We can rightfully ask how the gossip algorithm outlined above fares in the face of malicious actors that don't want to take their share in the data distribution, i.e. what happens if a node decides not to propagate the messages?

The consensus protocol has a built-in protection against lazy validators: to get their fees from a Block produced by somebody else they have to build on top of it. When they do that, they have to gossip about it, otherwise it will not become part of the DAG or it can get orphaned if conflicting blocks emerge, so it's in everyone's interest for gossiping to happen at a steady pace.

What if they decide to announce their Blocks to everyone but never relay other Blocks from other nodes? They have a few incentives against doing this:

  • If everybody would be doing it then the nodes unknown to the creators would get it much later and might produce conflicting blocks, the consensus would slow down.

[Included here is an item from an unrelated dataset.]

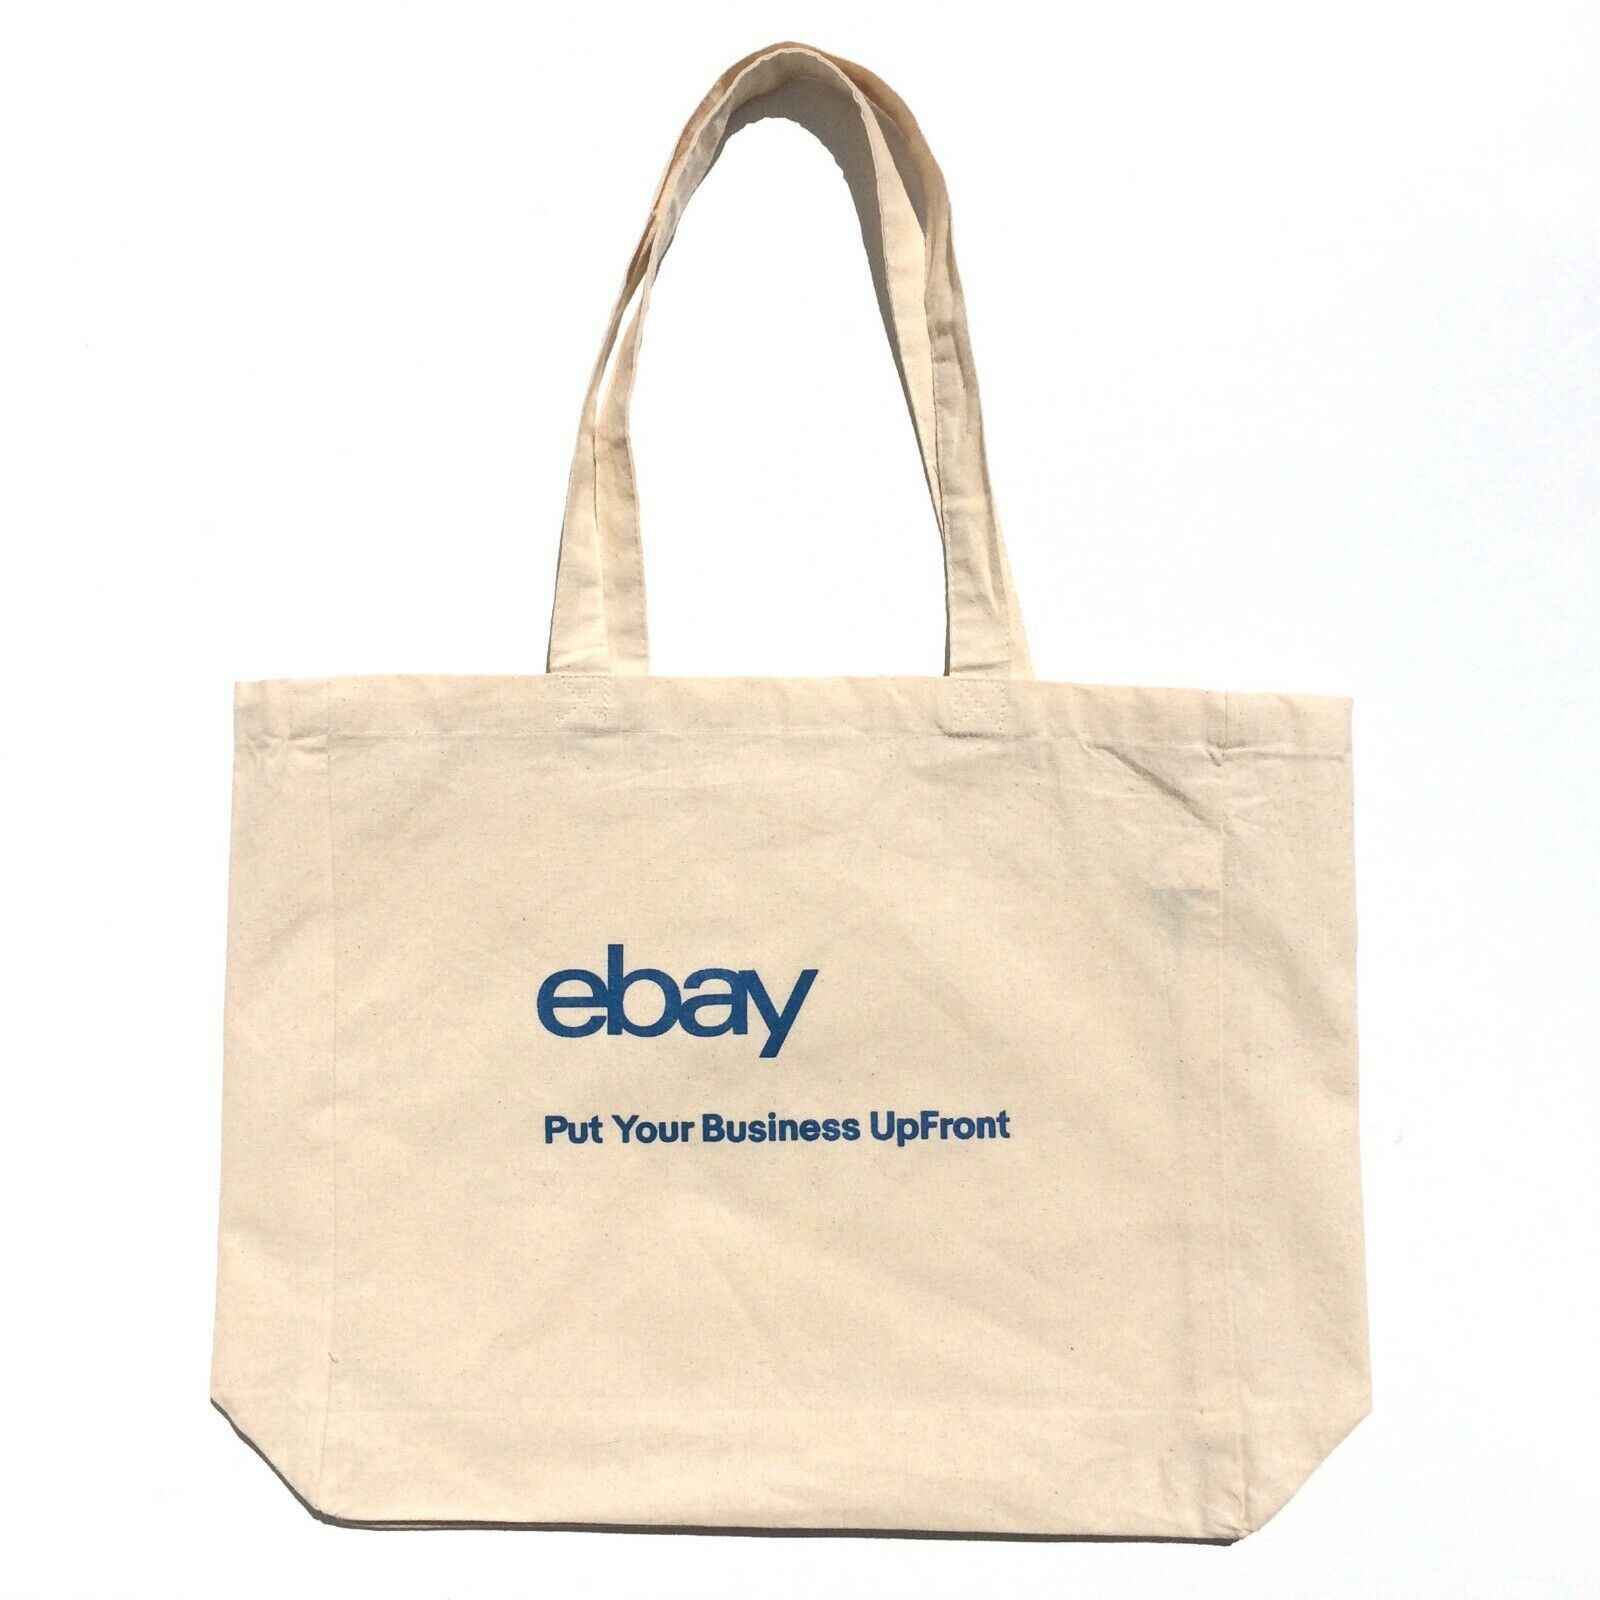 Live! BOSTON 2007 Convention  / USPS Zippered Tote Bag w/ Carry  Strap

  • When they finally announce a Block they built everyone would try to download it directly from them, putting extra load on their networks, plus they might have to download extra Blocks that the node failed to relay before.

  • If we have to relay to a 100 nodes directly, it could easily to take longer for each of the 100 to download it from 1 node then for 10 nodes to do so and then relay to 10 more nodes each.

Having a relay factor together with the mechanism of returning whether the information was new has the following purpose:

  • By indicating that the information was new the callee is signalling to the caller that once it has done the validation of the Block it will relay the information, therefore the caller can be content that by informing this node it carried out the number of gossips it set out to do, i.e. it will have to serve the full Blocks up to R number of times.

  • By indicating that the information wasn't new, the callee is signalling that it will not relay the information any longer, therefore the caller should pick another node if it wants to live up to its pledge of relaying to R number of new nodes.

Nodes expect the ones which indicated that the Block meta-data was new to them to later attempt to download the full Blocks. This may not happen, as other nodes may notify them too, in which case they can download some Blocks from here, some from there.

There are two forms of lying that can happen here:

  1. The callee can say the information wasn't anything new, but then attempt to download the data anyway. Nodes may disincentivise this by tracking each others reputation and block nodes that lied to them.

  2. The callee can say the information was new but not relay. This goes against their own interest as well, but it's difficult to detect. A higher relay factor can compensate for the amount of liars on the network.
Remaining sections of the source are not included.